Местное население оказало нам радушный прием и на первых порах, пока командованию училища не удалось установить связь с армейскими складами, обеспечивало нас всем необходимым, помогло оборудовать полевой аэродром. А ведь у людей — в основном это были женщины, проводившие на фронт своих мужей, сыновей, братьев, — и собственных забот было хоть отбавляй. Наступила осень, а в поле оставалось много работы. Из-за отсутствия комбайнеров, взявших в руки оружие, нехватки автомобилей, затягивалась уборка урожая. Выбиваясь из сил, женщины, старики, подростки косили пшеницу косами, жали серпами, как в давнее время обмолачивали ее цепами, лишь бы сохранить урожай, обеспечить хлебом Красную Армию. Нельзя было не восхищаться величием духа простых русских крестьянок, которые совершали настоящий трудовой подвиг.

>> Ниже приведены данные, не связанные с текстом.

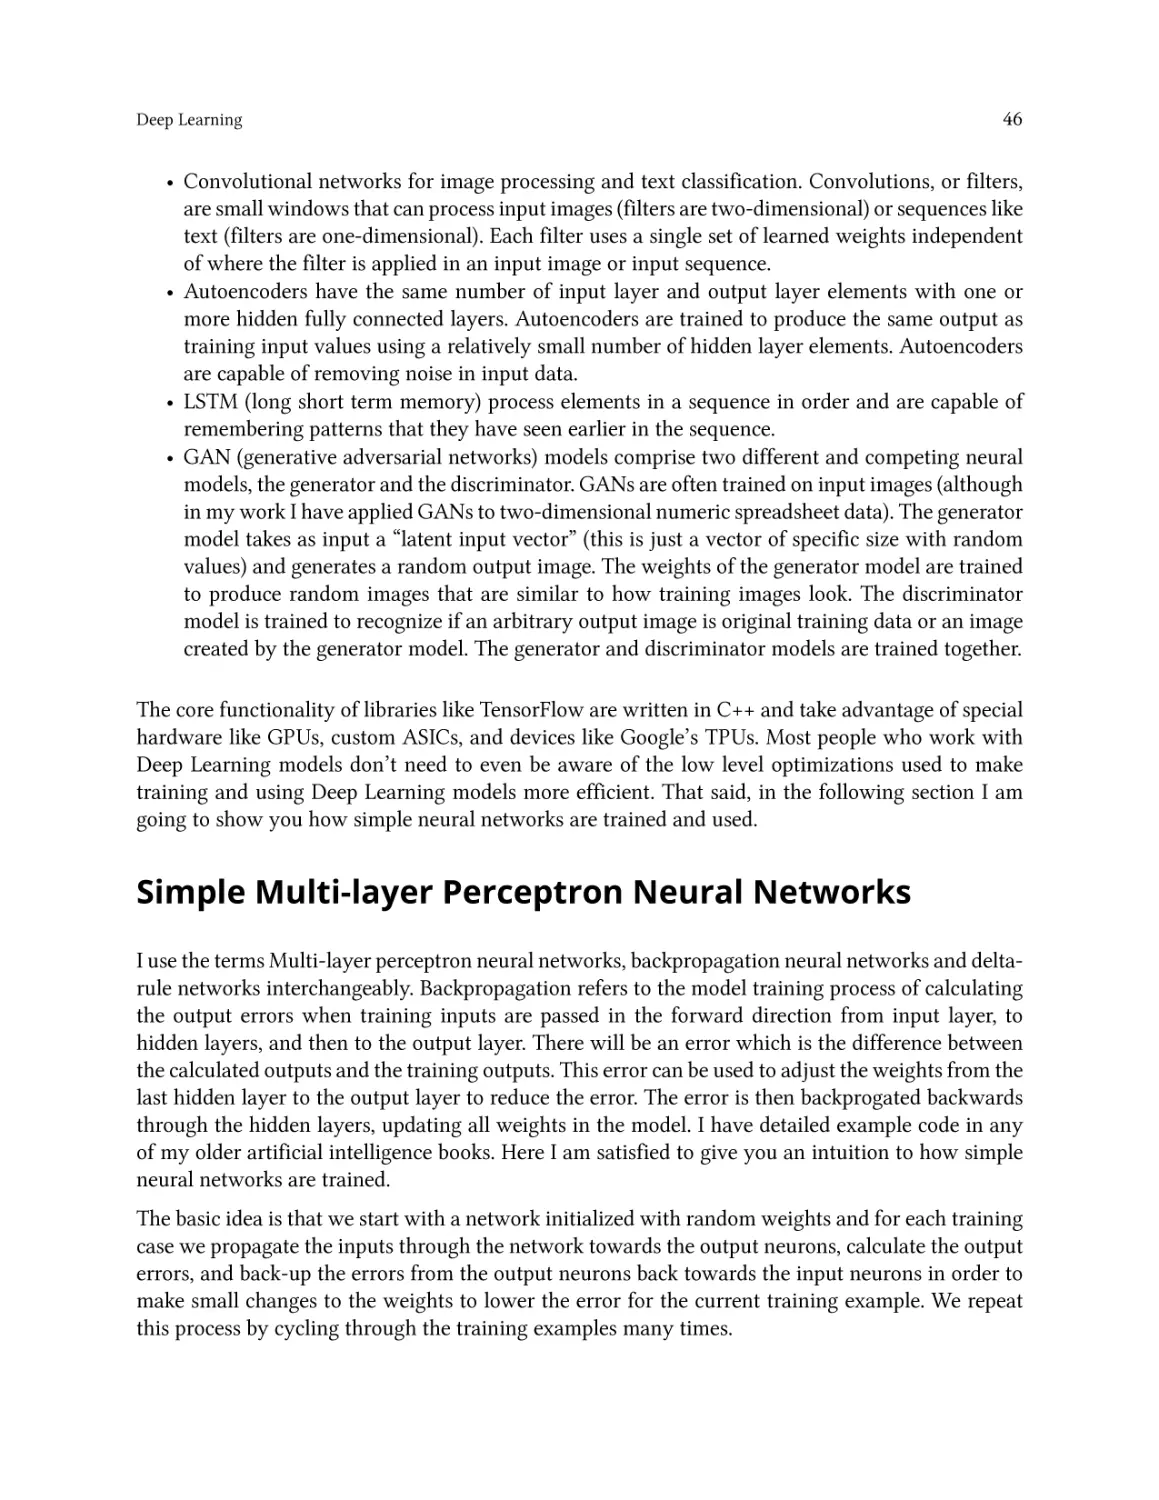 Simple Multi-layer Perceptron Neural Networks

Моя первая встреча в воздухе с врагом состоялась в погожий сентябрьский день. Совместно с курсантом я совершал обычный учебный полет в зоне на самолете УТИ-4. Мы находились в воздухе уже полчаса, после серии глубоких виражей я собрался было приказать курсанту взять курс на аэродром. Машина сделала разворот и ослепительное солнце, стоявшее слева от нас заполнило кабину. Я невольно отвел глаза в противоположную сторону, и в это время, справа за моей кабиной, в разрыве облаков промелькнул двухмоторный самолет. [81]

Он шел параллельным курсом. Скорость его не превышала скорости нашего учебно-тренировочного истребителя. Я принял на себя управление машиной, рванул до упора сектор газа.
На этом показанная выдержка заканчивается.